What the task asks: Could you retype the lines below, starting at the line holding "Black Friday B2B - Pros y contras" and stopping at the line holding "SUPPORT LAW ENFORCEMENT", inclusive? Copy them exactly and drop the images.

Data for the task:
——————
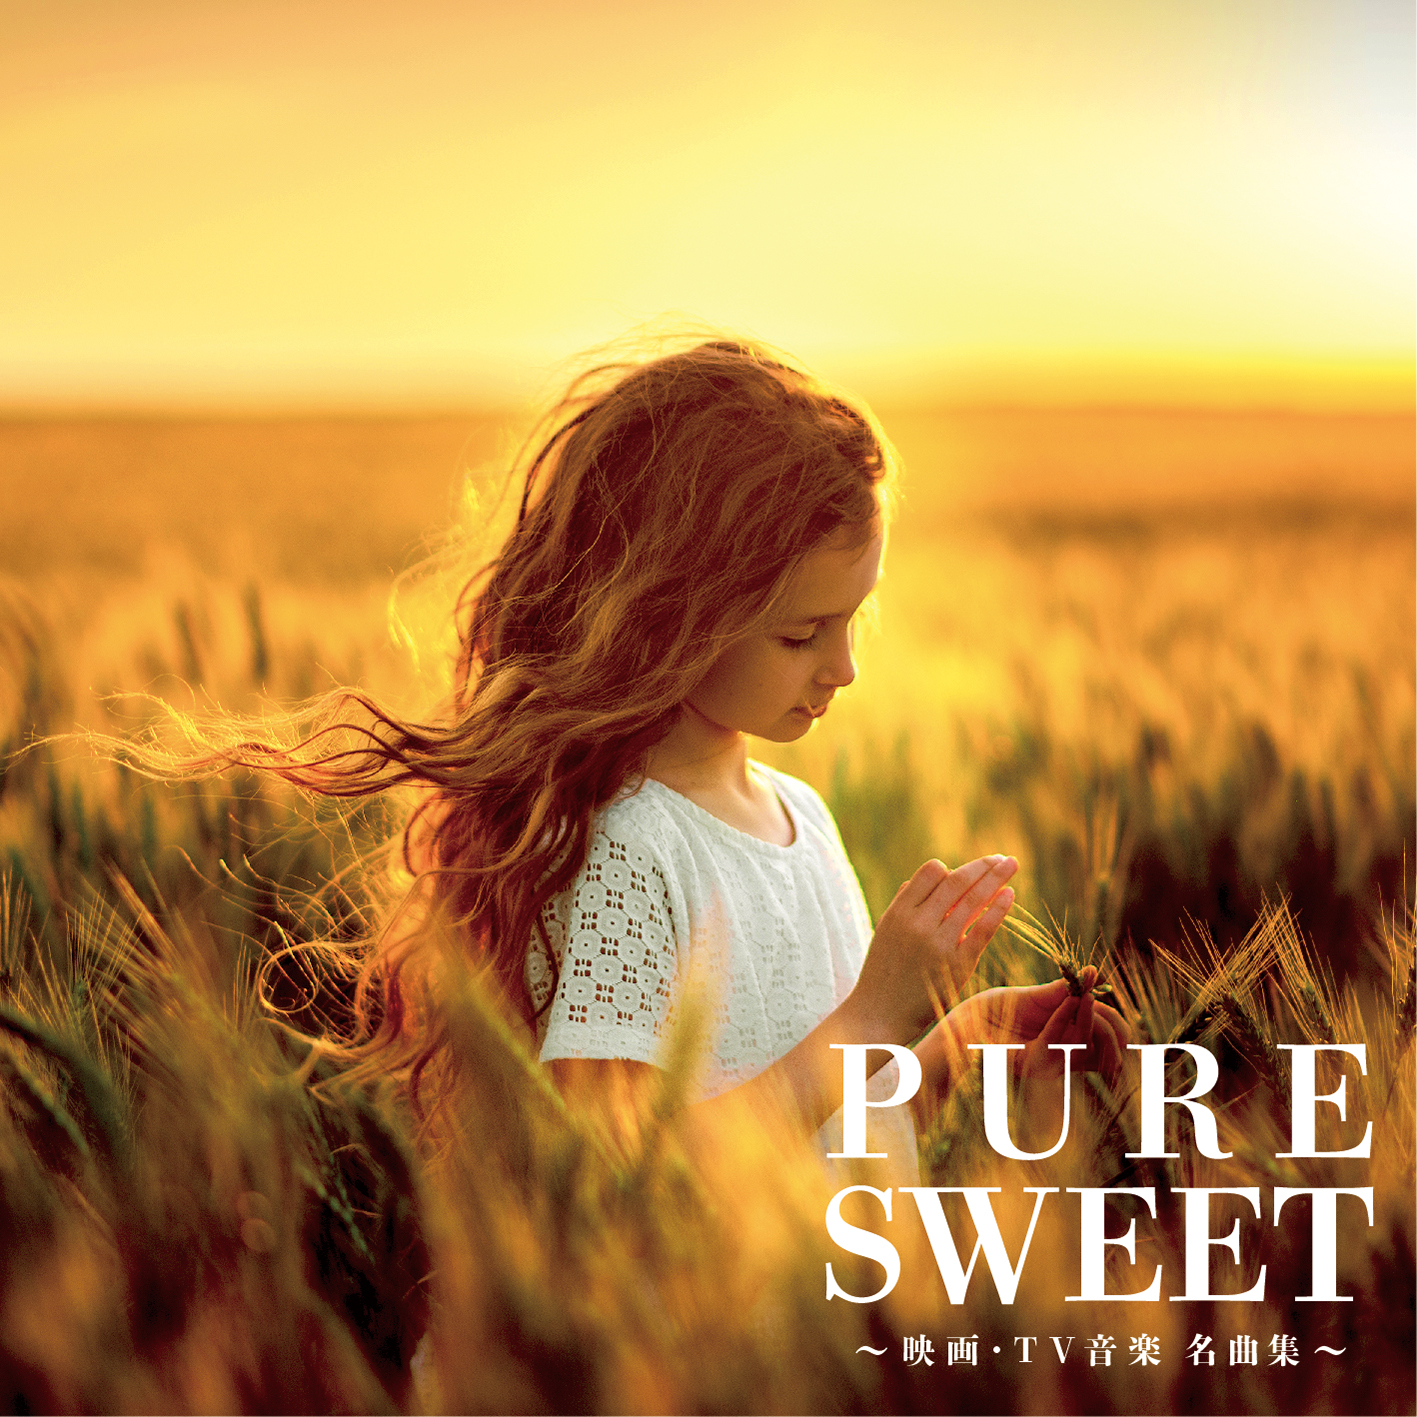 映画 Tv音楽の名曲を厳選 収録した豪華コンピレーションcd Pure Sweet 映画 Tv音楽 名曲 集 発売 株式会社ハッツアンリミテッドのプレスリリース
——————
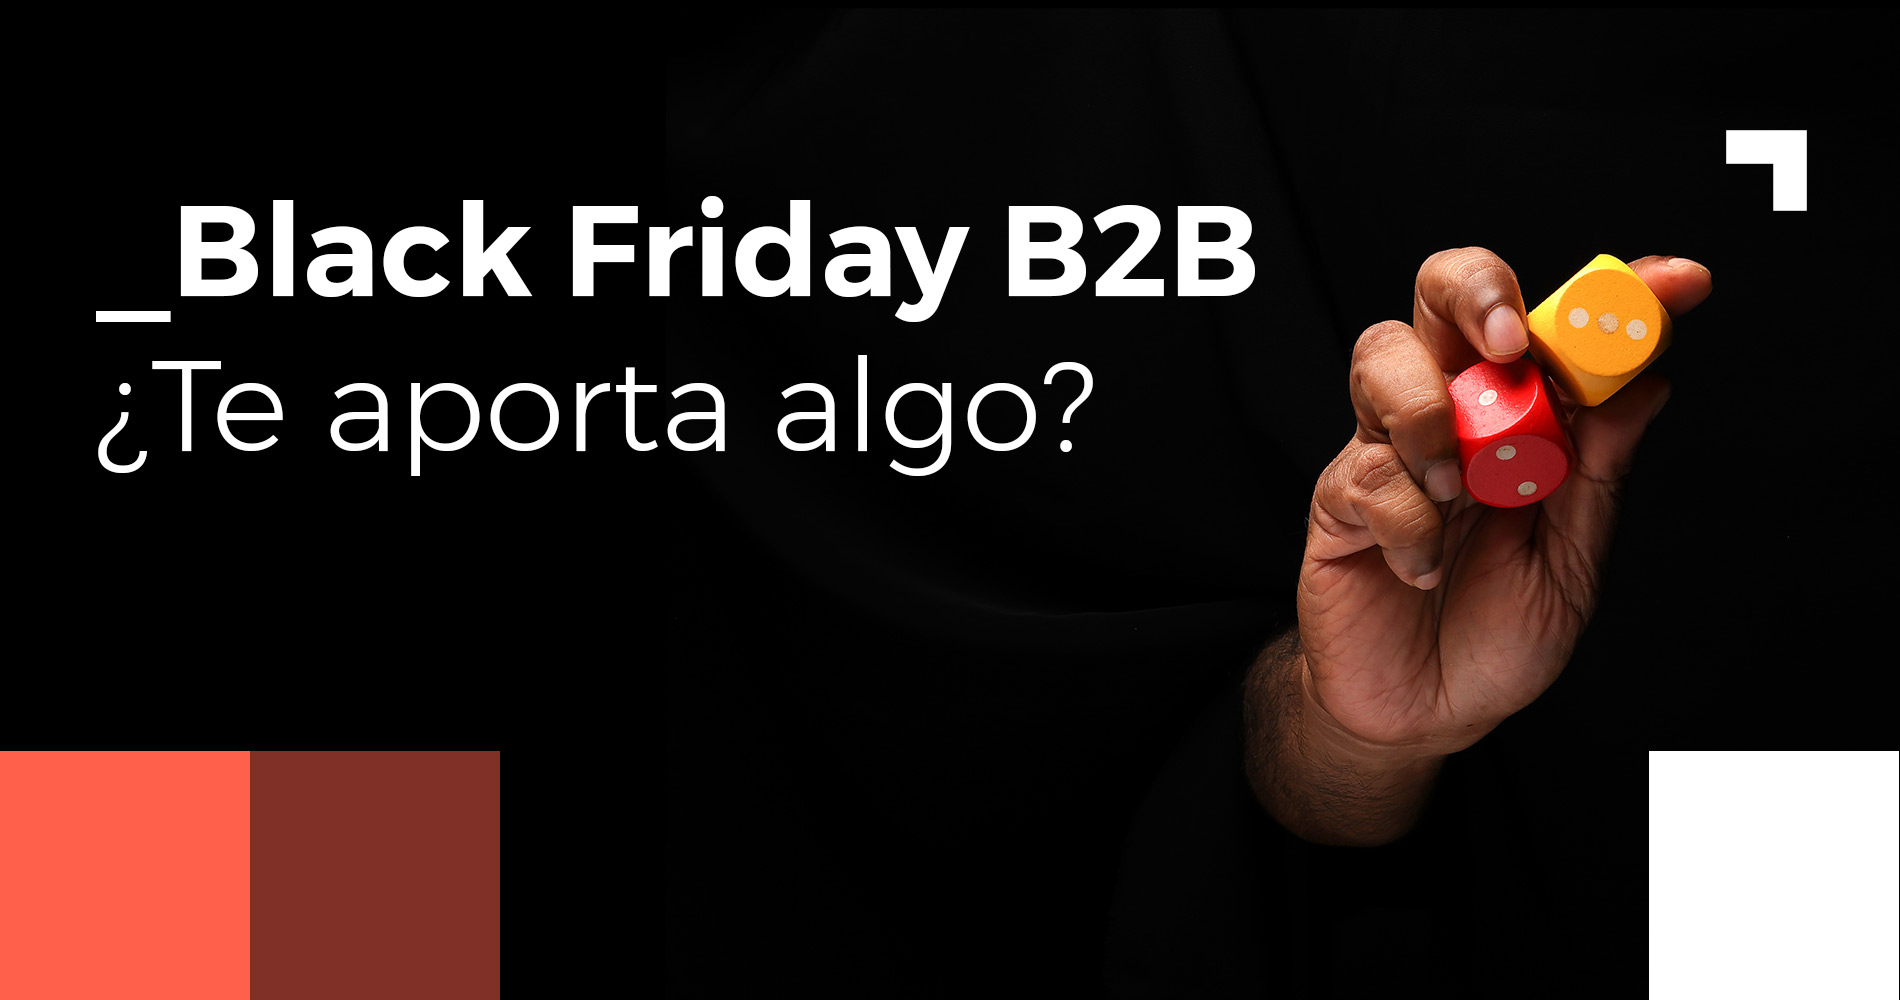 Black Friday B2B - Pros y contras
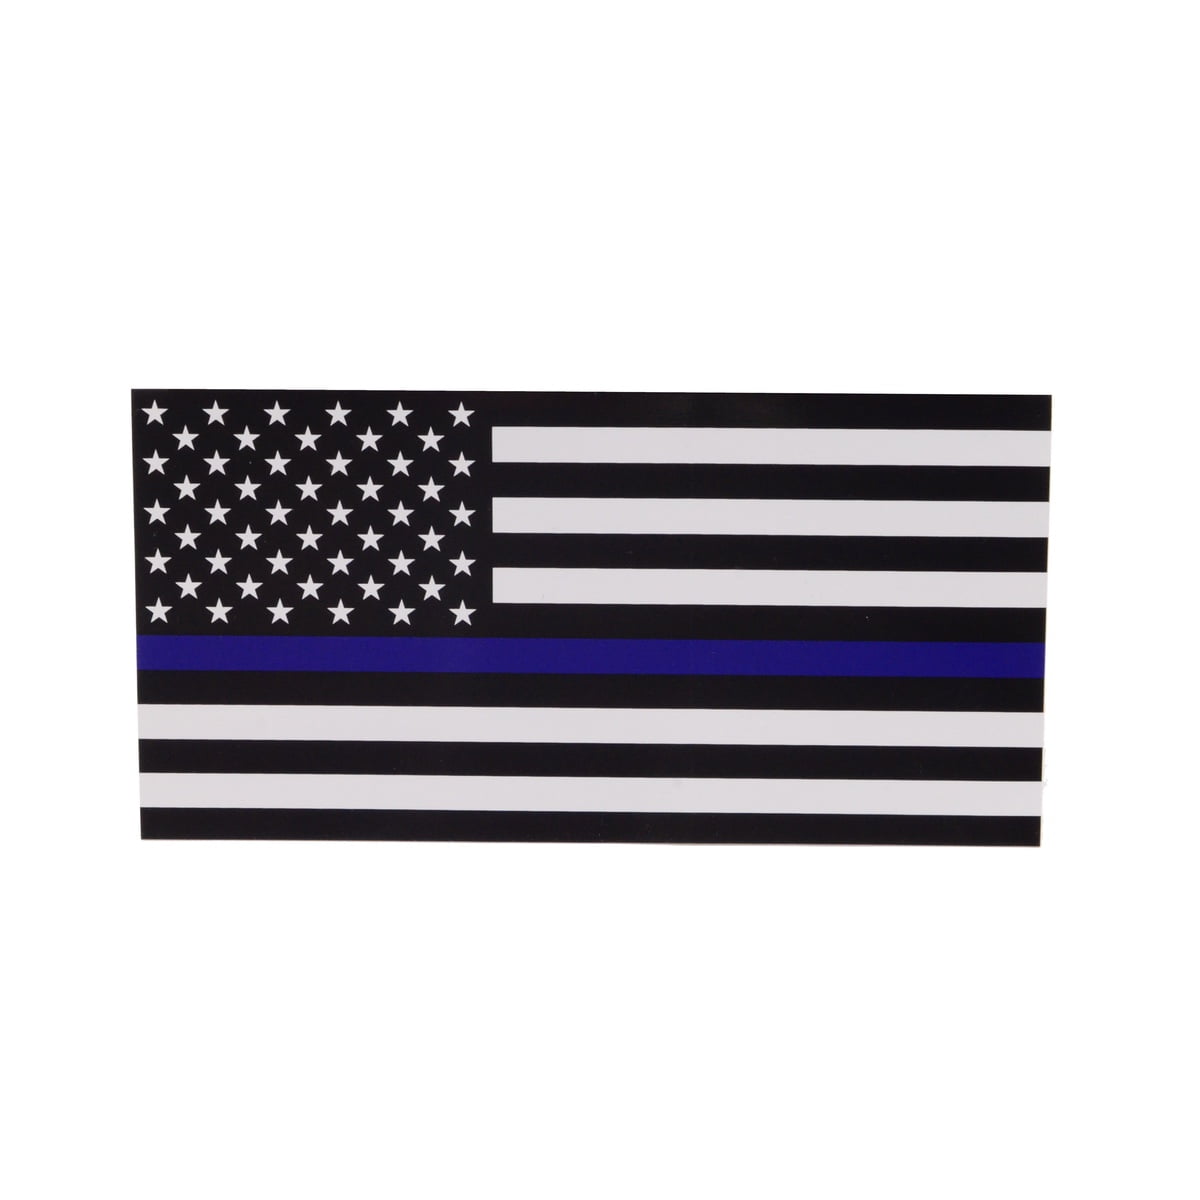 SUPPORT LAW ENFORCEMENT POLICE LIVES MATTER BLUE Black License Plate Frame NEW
——————
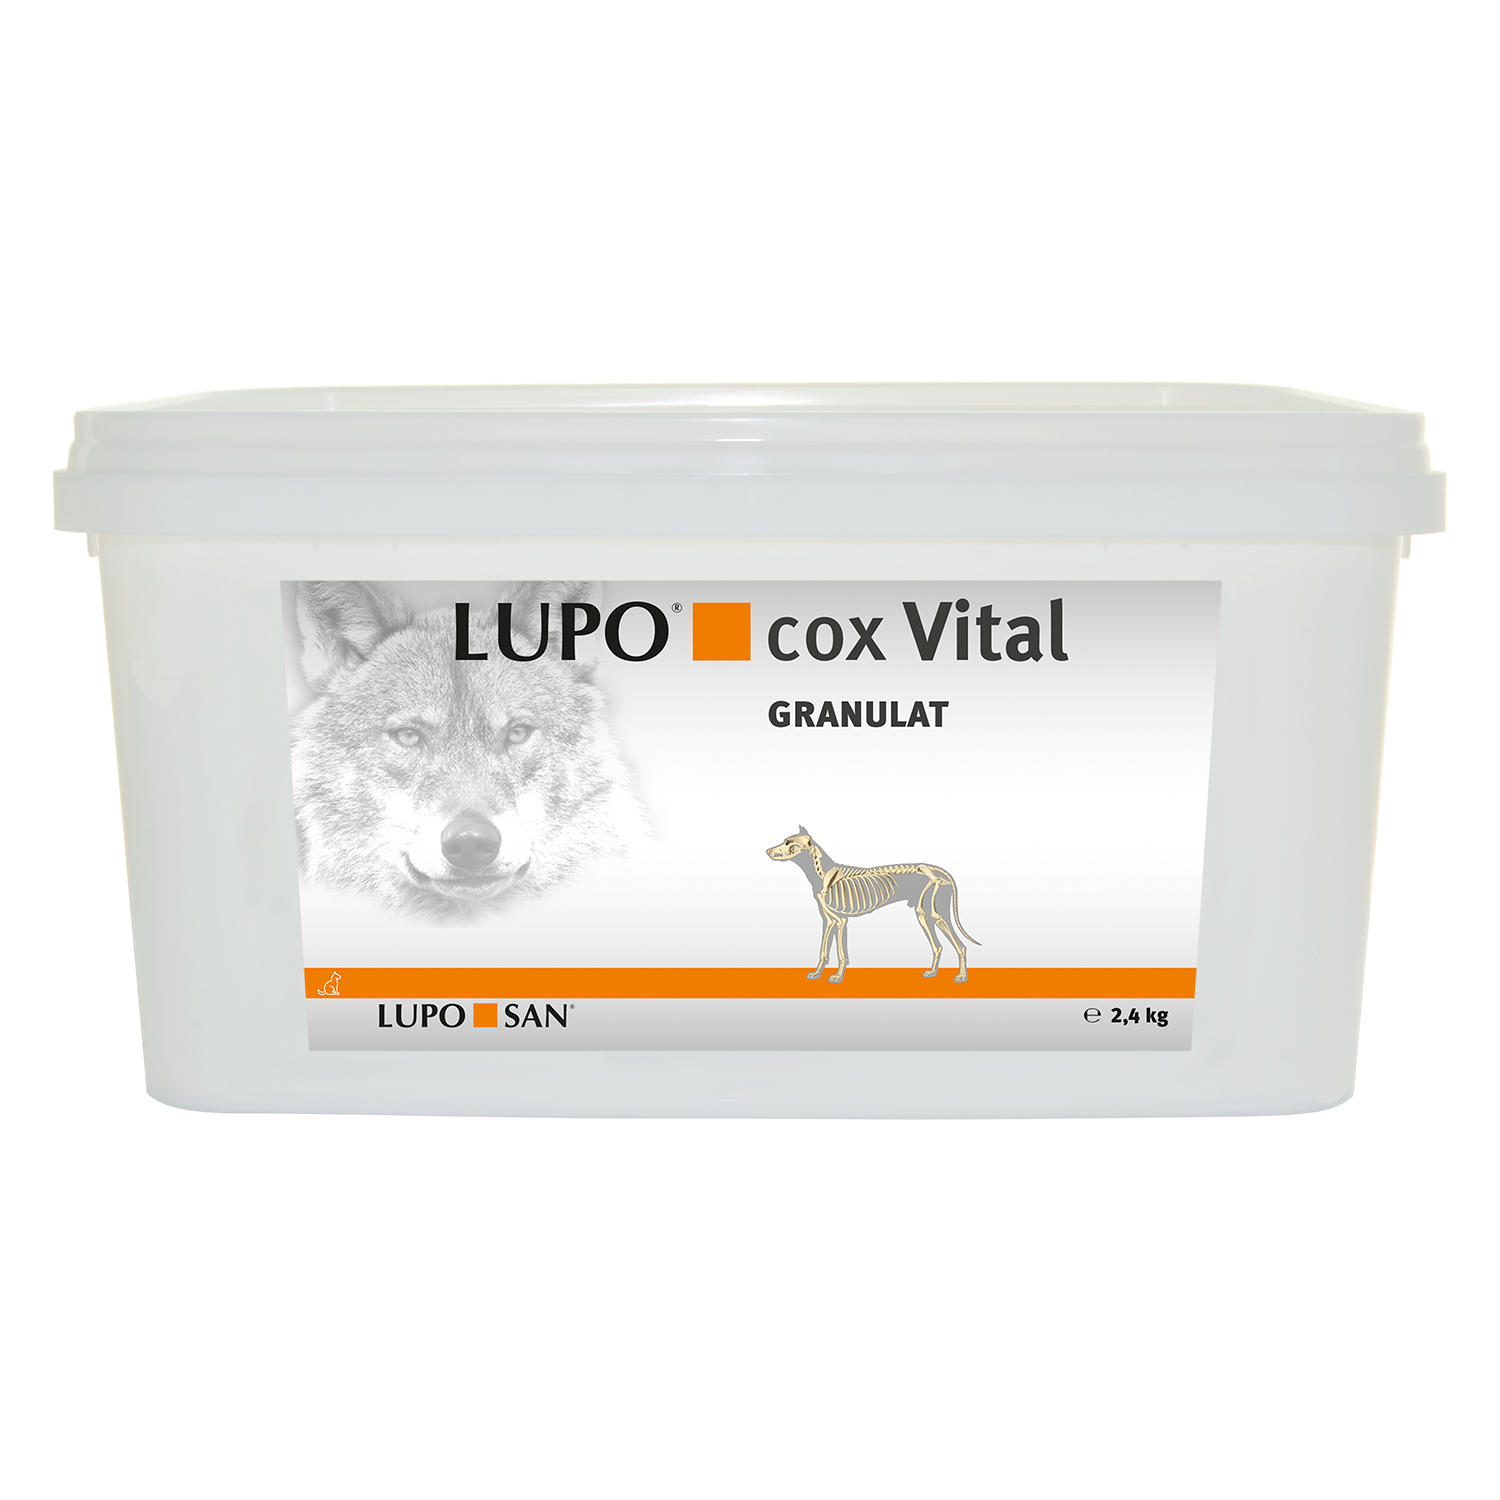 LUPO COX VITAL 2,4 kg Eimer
——————
Reply to the exercise:
 Black Friday B2B - Pros y contras
 SUPPORT LAW ENFORCEMENT POLICE LIVES MATTER BLUE Black License Plate Frame NEW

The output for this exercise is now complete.